**MATERIAL PROVIDED:**
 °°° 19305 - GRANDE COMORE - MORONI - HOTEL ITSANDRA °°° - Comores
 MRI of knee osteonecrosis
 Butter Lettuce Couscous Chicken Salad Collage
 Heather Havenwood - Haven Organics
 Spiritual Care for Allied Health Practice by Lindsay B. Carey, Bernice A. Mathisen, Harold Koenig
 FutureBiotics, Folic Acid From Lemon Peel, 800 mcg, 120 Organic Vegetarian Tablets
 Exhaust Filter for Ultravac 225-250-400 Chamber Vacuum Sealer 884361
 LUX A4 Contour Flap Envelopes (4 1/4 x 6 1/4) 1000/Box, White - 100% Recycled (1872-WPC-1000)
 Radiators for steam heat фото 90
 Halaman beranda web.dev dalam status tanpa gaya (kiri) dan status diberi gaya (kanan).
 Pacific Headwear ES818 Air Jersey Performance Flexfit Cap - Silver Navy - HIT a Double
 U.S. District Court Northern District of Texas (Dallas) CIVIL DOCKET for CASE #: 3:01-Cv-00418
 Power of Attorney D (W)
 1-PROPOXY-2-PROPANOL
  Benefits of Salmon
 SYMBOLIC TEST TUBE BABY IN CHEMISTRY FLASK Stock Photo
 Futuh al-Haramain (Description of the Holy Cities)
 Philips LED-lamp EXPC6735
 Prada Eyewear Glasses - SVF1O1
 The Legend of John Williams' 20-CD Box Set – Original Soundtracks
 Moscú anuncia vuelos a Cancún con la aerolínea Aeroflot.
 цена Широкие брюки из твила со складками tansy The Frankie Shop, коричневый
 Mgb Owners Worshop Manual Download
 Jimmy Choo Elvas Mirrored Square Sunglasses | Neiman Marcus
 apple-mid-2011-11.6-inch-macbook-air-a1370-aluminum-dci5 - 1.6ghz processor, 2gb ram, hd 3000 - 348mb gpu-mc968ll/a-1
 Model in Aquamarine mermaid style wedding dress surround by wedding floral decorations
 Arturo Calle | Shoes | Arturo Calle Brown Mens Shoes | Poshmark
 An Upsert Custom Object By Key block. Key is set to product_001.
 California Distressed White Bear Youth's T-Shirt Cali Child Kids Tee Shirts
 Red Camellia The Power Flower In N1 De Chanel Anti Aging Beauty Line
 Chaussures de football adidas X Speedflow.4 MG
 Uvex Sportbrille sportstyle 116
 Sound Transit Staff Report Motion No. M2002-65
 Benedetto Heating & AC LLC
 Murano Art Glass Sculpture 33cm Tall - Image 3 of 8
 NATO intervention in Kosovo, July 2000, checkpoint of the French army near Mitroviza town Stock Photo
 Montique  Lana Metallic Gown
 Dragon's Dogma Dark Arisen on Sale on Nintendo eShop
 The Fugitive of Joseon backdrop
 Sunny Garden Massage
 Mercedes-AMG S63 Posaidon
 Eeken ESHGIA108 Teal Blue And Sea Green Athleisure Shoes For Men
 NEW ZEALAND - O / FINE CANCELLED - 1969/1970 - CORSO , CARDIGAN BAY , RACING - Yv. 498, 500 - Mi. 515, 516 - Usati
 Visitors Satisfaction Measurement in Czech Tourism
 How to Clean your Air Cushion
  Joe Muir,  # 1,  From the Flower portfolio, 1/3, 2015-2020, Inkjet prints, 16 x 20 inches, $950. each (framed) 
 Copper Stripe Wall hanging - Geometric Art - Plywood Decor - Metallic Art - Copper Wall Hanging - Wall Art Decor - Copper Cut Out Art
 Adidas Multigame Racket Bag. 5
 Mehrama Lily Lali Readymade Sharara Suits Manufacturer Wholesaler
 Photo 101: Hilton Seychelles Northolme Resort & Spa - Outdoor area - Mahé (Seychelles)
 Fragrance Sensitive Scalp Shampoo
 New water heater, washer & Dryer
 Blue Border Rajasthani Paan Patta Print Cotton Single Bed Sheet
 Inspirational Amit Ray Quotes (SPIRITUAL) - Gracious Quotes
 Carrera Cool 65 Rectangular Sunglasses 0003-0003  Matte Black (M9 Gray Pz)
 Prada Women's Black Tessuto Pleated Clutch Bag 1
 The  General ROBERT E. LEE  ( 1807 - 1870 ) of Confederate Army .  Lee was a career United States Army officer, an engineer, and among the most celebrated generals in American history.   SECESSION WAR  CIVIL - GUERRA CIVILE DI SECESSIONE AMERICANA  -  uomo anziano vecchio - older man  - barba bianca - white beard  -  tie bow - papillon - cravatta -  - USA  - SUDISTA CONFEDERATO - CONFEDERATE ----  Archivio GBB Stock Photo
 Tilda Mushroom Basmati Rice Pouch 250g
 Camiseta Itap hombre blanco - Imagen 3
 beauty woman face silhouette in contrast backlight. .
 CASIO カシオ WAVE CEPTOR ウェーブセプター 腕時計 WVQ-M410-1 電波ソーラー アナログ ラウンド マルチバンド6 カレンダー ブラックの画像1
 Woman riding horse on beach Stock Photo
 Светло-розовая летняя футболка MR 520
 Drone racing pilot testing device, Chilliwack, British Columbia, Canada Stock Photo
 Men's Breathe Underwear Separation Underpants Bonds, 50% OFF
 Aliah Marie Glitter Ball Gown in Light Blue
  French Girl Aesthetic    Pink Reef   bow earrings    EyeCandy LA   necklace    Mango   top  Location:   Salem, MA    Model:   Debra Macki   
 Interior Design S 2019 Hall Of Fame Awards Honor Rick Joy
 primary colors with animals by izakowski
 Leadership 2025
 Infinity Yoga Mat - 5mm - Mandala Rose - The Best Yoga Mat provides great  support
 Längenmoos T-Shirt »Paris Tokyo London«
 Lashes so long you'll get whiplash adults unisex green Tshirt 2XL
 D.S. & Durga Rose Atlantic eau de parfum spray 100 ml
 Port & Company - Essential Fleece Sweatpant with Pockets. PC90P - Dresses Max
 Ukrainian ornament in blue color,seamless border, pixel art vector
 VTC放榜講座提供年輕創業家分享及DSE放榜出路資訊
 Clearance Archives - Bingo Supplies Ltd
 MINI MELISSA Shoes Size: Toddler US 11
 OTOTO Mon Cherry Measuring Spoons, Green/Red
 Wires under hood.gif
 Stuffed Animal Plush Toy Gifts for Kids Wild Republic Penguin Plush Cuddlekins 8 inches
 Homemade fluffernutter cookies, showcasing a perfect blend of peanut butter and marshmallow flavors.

**WHAT TO DO:**
Copy exactly the lines that run from the one with "VTC放榜講座提供年輕創業家分享及DSE放榜出路資訊" to the last line of the material, including both.

**SOLUTION TO THIS EXERCISE:**
 VTC放榜講座提供年輕創業家分享及DSE放榜出路資訊
 Clearance Archives - Bingo Supplies Ltd
 MINI MELISSA Shoes Size: Toddler US 11
 OTOTO Mon Cherry Measuring Spoons, Green/Red
 Wires under hood.gif
 Stuffed Animal Plush Toy Gifts for Kids Wild Republic Penguin Plush Cuddlekins 8 inches
 Homemade fluffernutter cookies, showcasing a perfect blend of peanut butter and marshmallow flavors.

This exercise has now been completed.